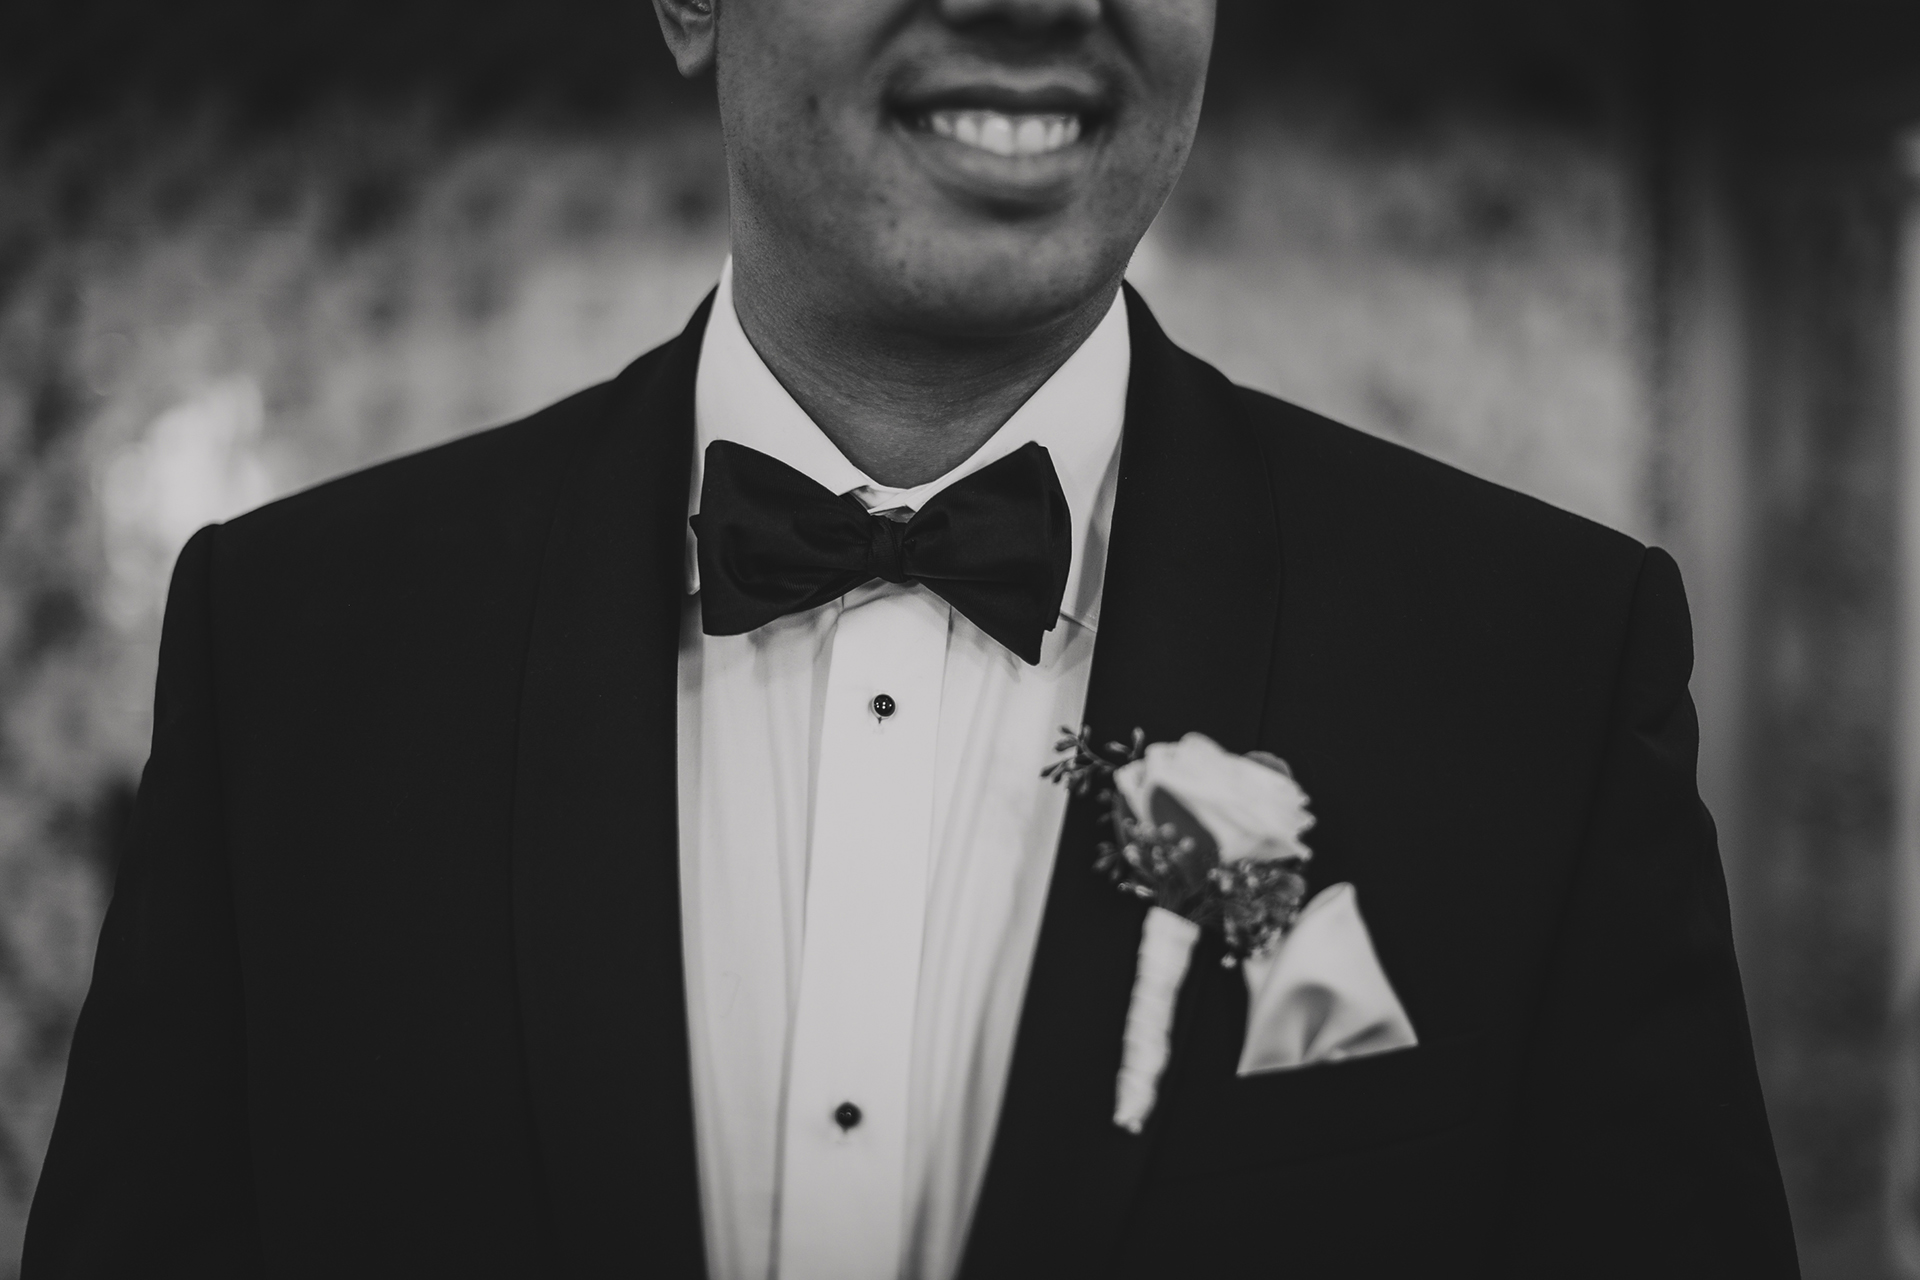 Hochzeitsreportage_J&D_056_Caroline Queda Fotografie
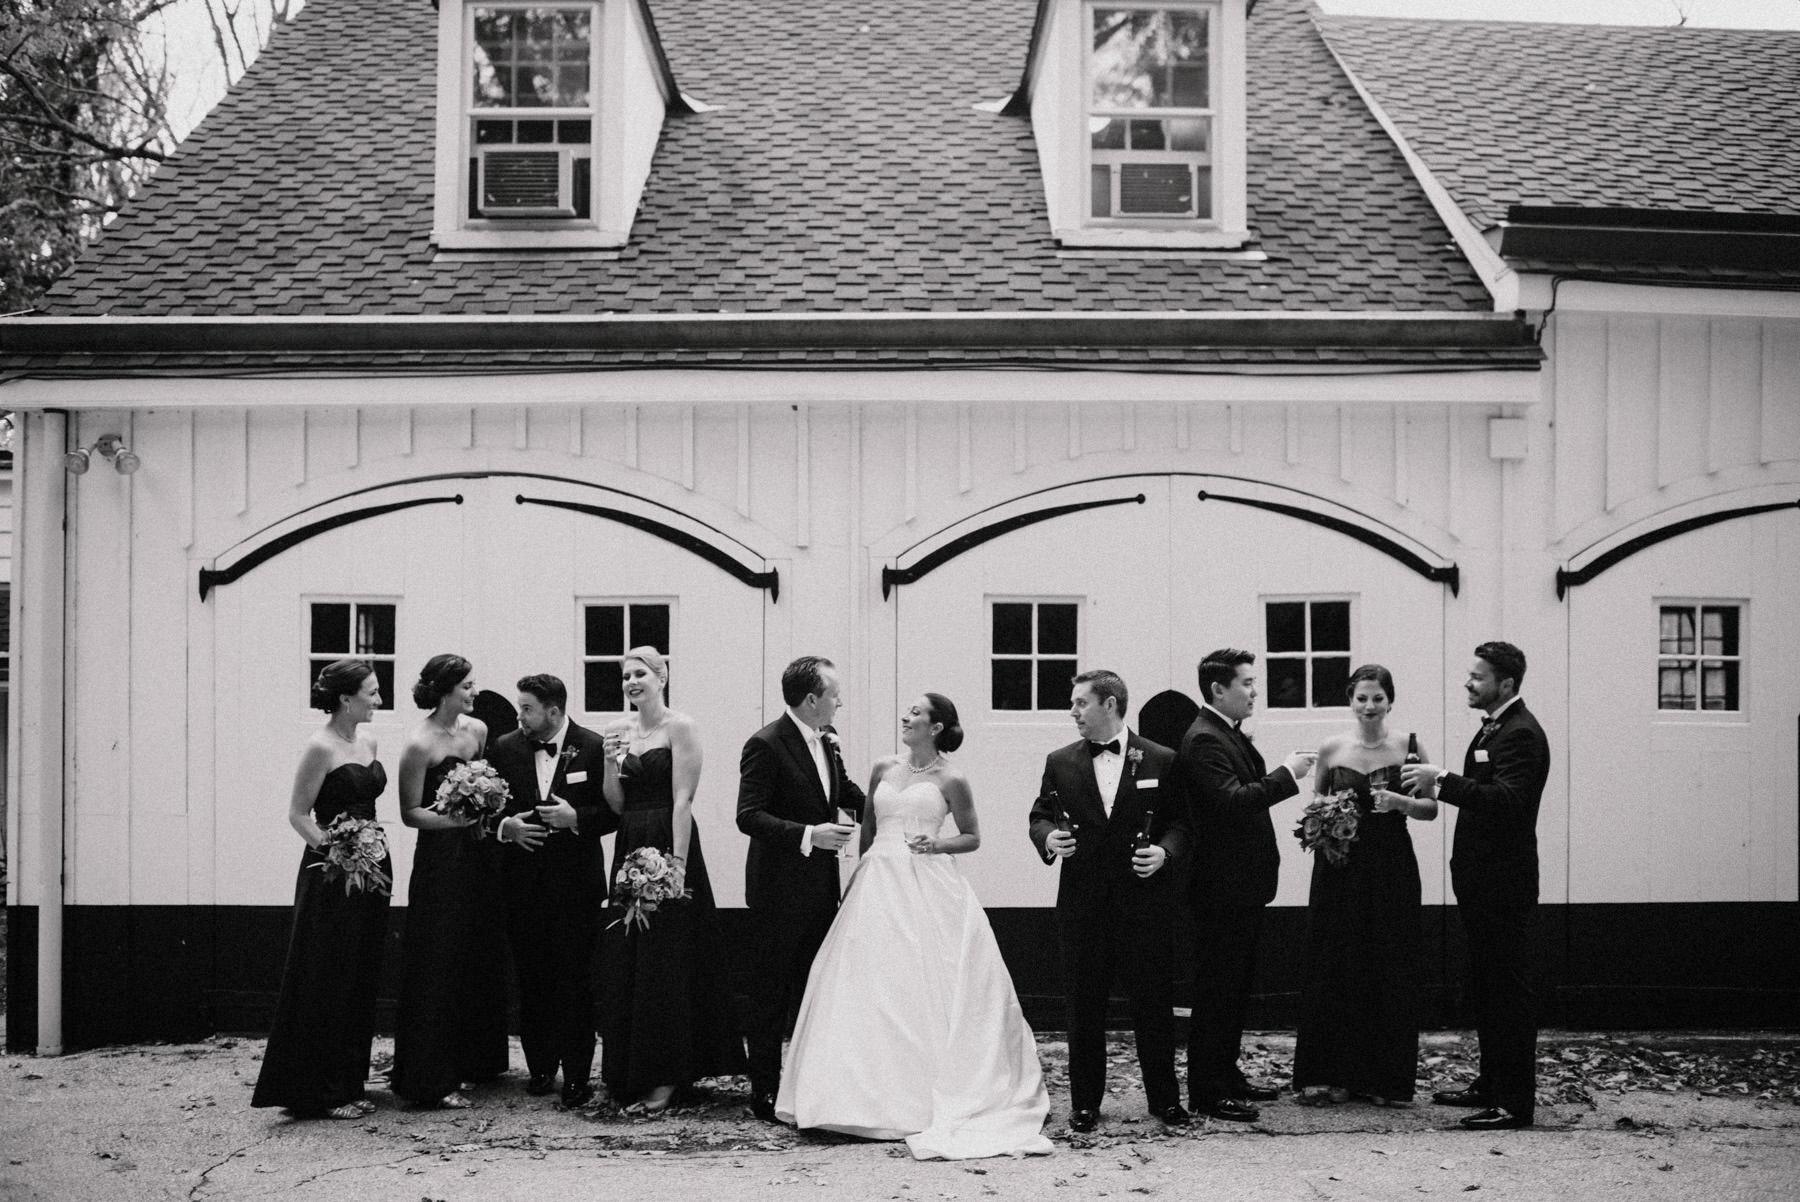 187-appleford-estate-wedding-4-2.jpg
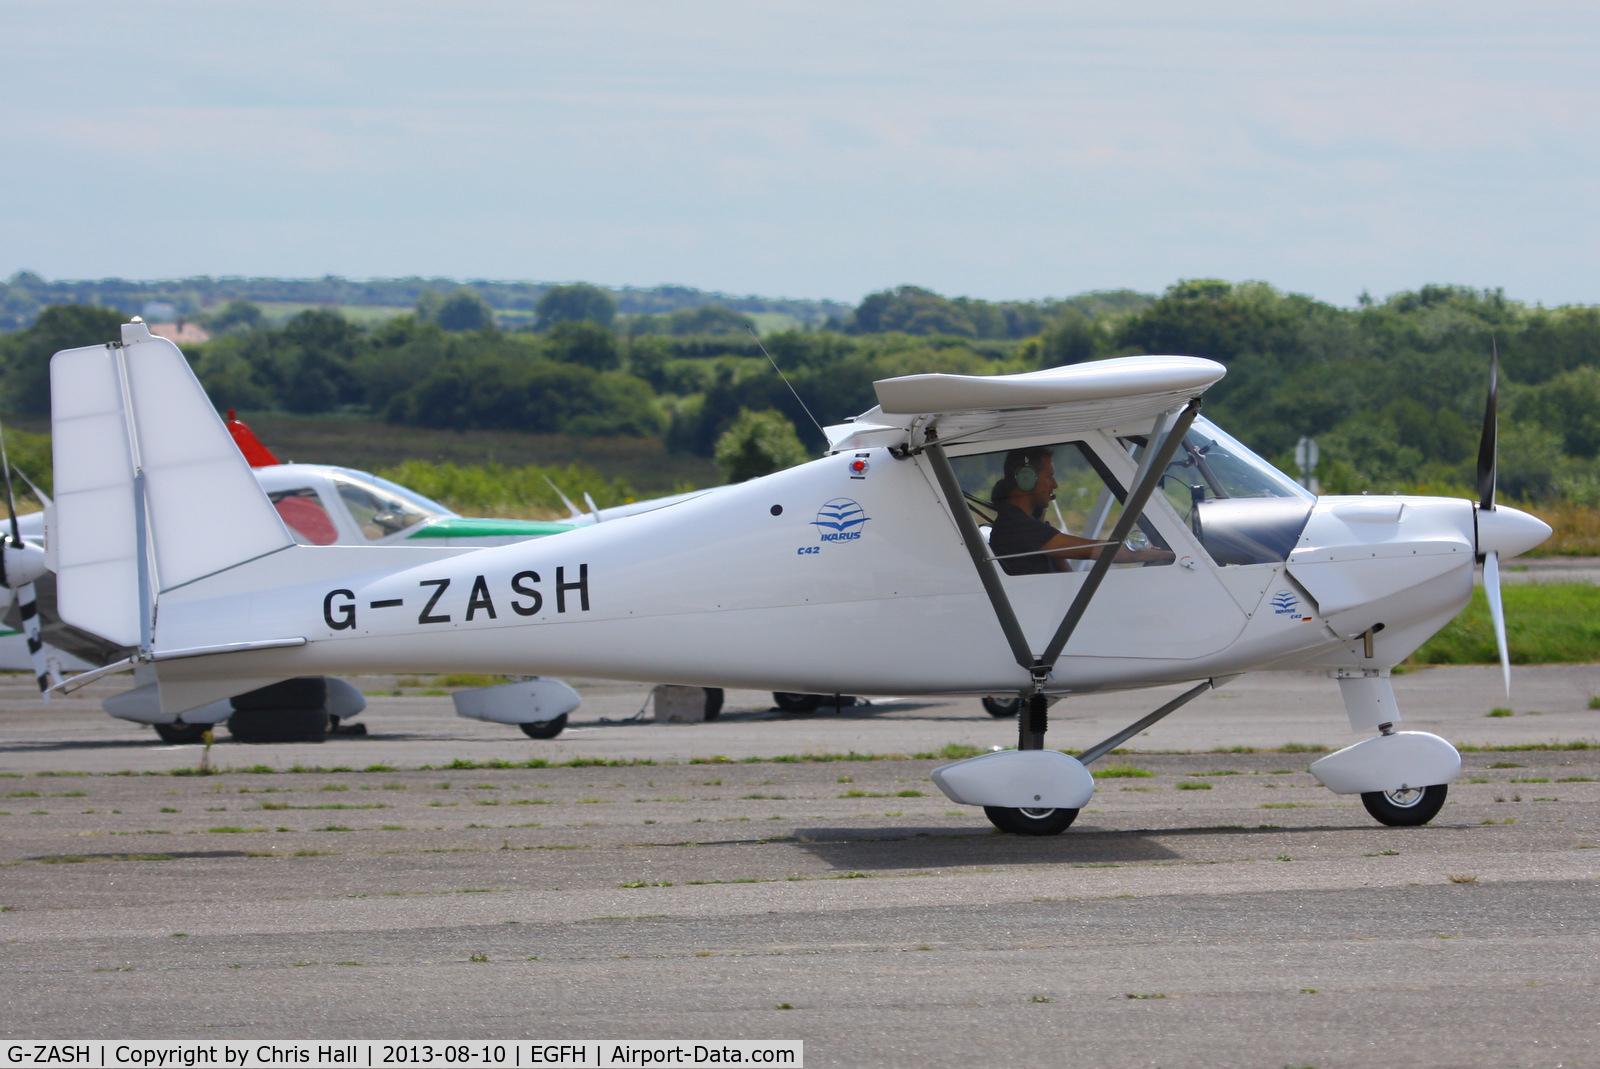 G-ZASH, 2013 Comco Ikarus C42 FB80 C/N 1304-7257, privately owned
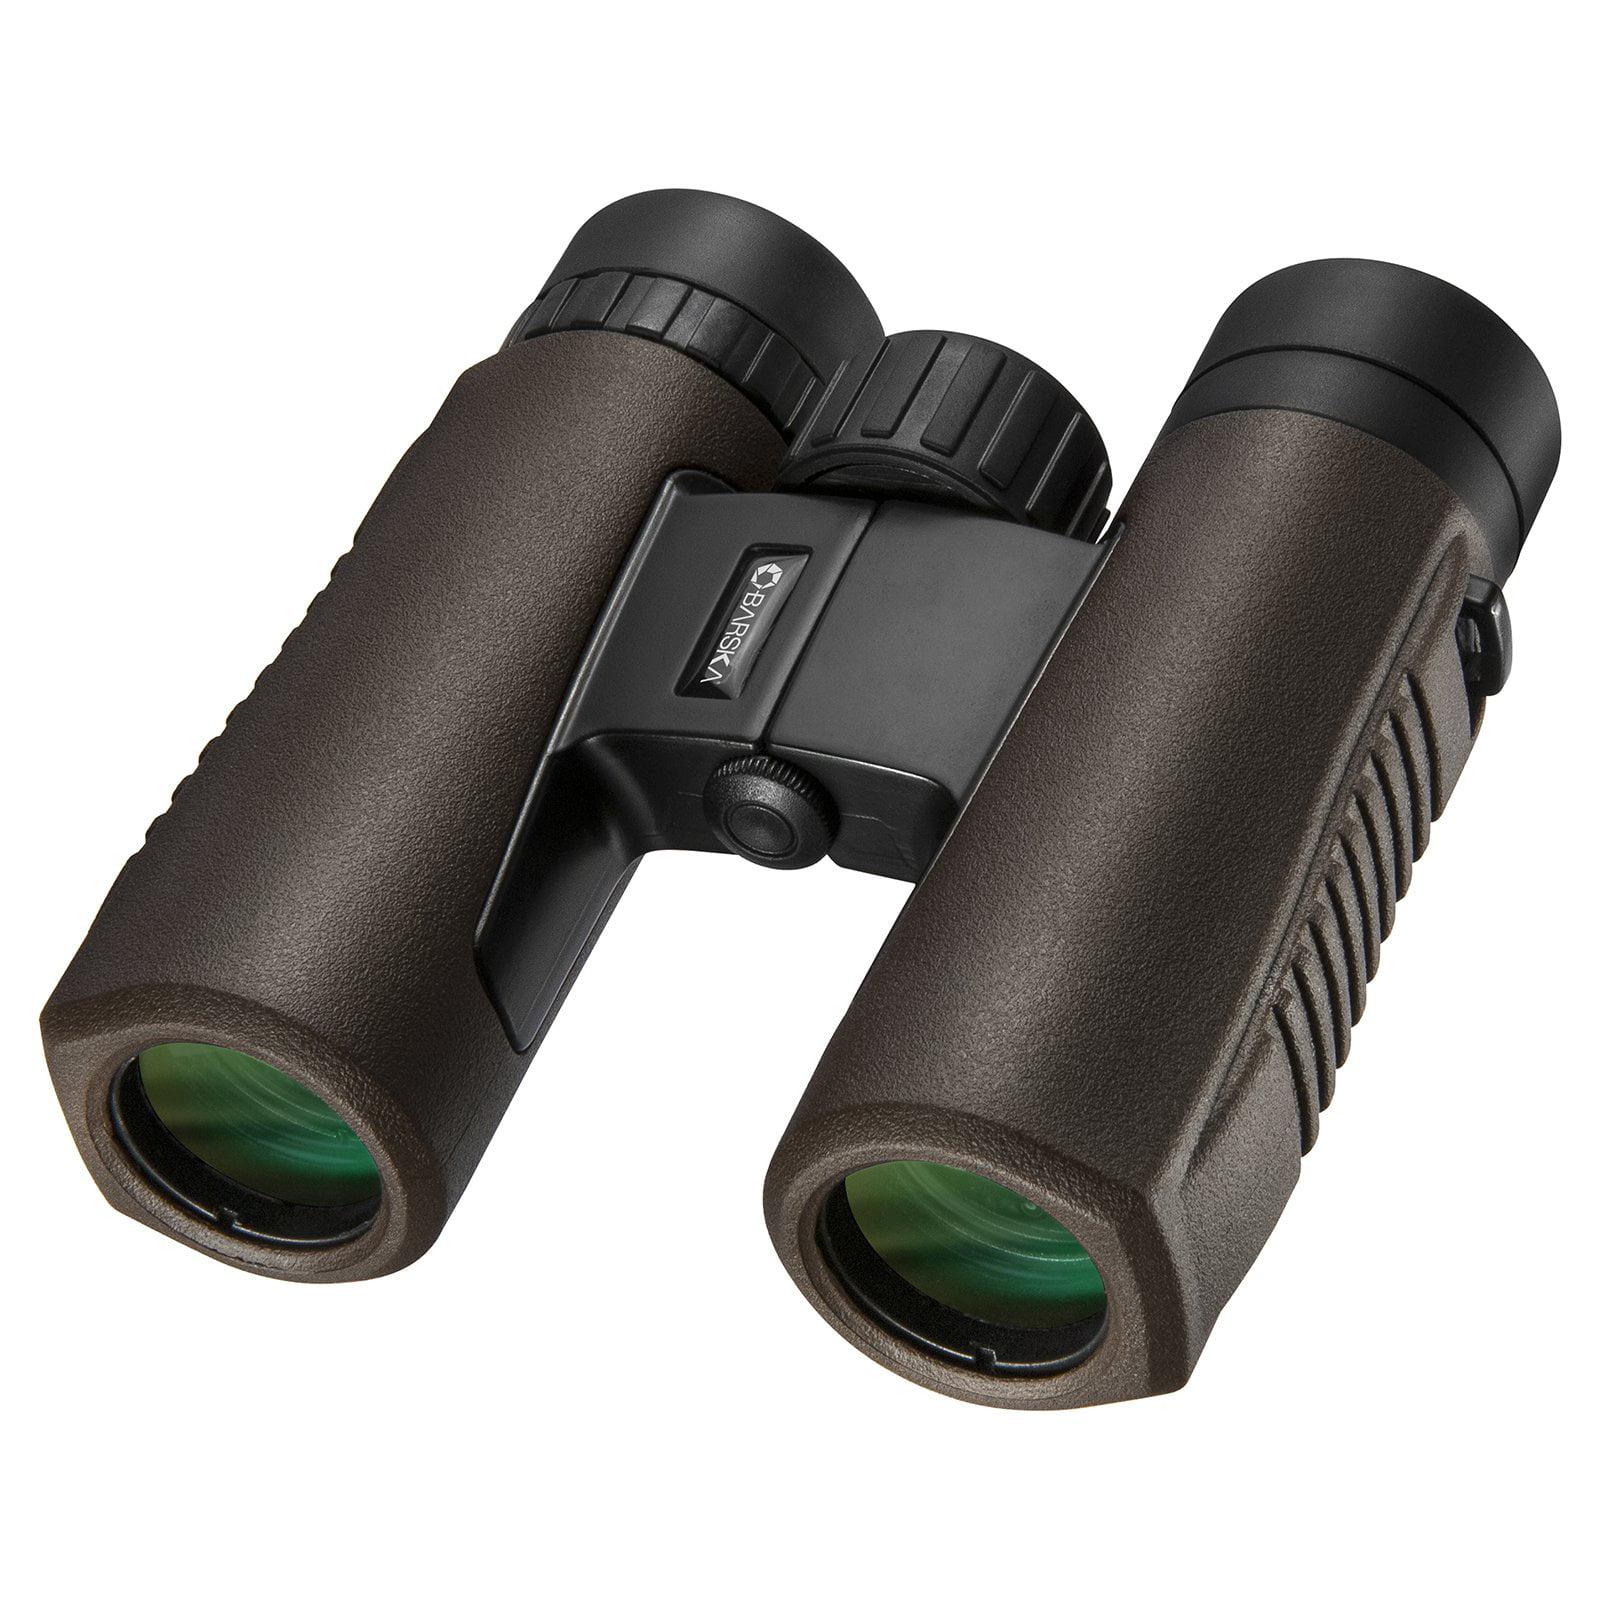 Barska Optics Embark Binoculars 10x26mm
##########
WHAT THE TASK ASKS:
For this exercise, output only the lines from the one bearing "187-appleford-estate-wedding-4-2.jpg" to the end of the material above, exactly as written, with pictures left out.

EXERCISE RESULT:
 187-appleford-estate-wedding-4-2.jpg
 G-ZASH, 2013 Comco Ikarus C42 FB80 C/N 1304-7257, privately owned
 Barska Optics Embark Binoculars 10x26mm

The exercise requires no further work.